Billions in government contracts have been awarded, without
competition, to corporations formerly run by administration
officials. In a country where the most significant social changes
are enacted by court rulings, rather than by legislation, the Bush
administration has been filling every level of the complex
judicial system with ultra-right ideologues, especially those who
have protected corporations from lawsuits by individuals or
environmental groups, and those who are opposed to women's
reproductive rights. It remains to be seen how far they can push
their antipathy to contraception and abortion. They have already
banned a rare form of late-term abortion that is only given when
the health of the mother is endangered or the fetus is terribly
deformed, and a large portion of Bush's heralded billions to
Africa to fight AIDS will be devoted to so-called
"abstinence" education.
Most of all, America doesn't feel like America any more. The
climate of militarism and fear, similar to any totalitarian state,
permeates everything.
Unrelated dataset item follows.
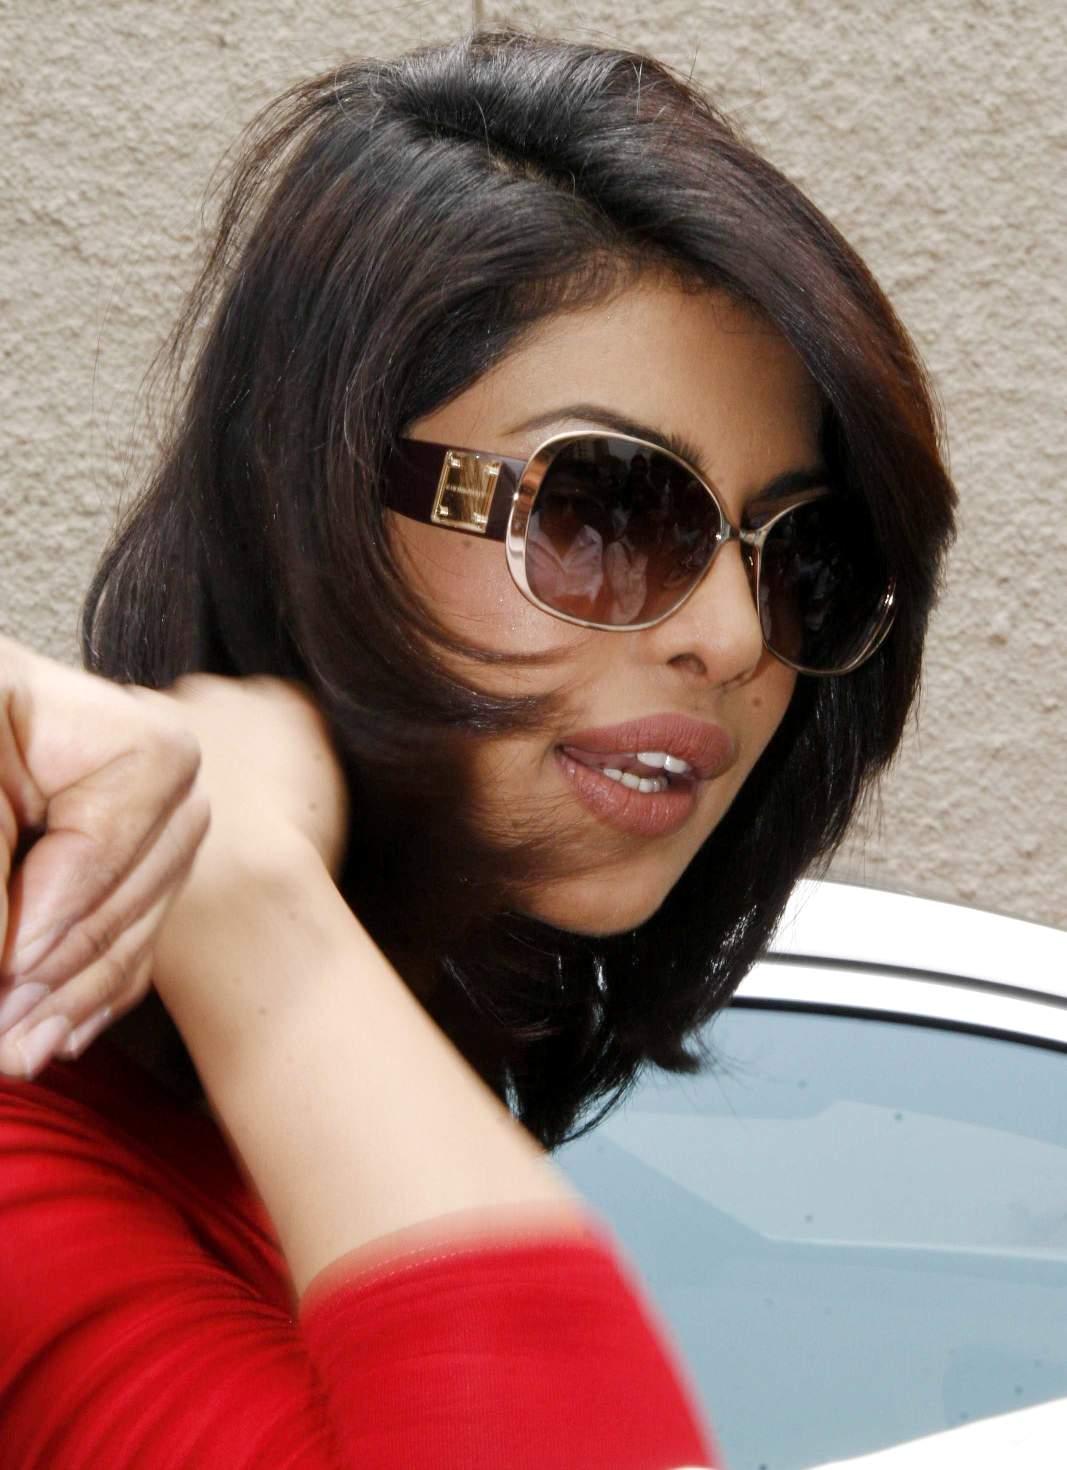 priyanka Chopra beeg - FREE PORN

Bush is the first American president in
memory to swagger around in a military uniform, though he
himself-- like all of his most militant advisers-- evaded the
Vietnam War. (Even Eisenhower, a general and a war hero, never
wore his uniform while he was president).
In the airports of provincial cities, there are frequent
announcements in that assuring, disembodied voice of
science-fiction films: "The Department of Homeland Security
advises that the Terror Alert is now . . . Code Orange."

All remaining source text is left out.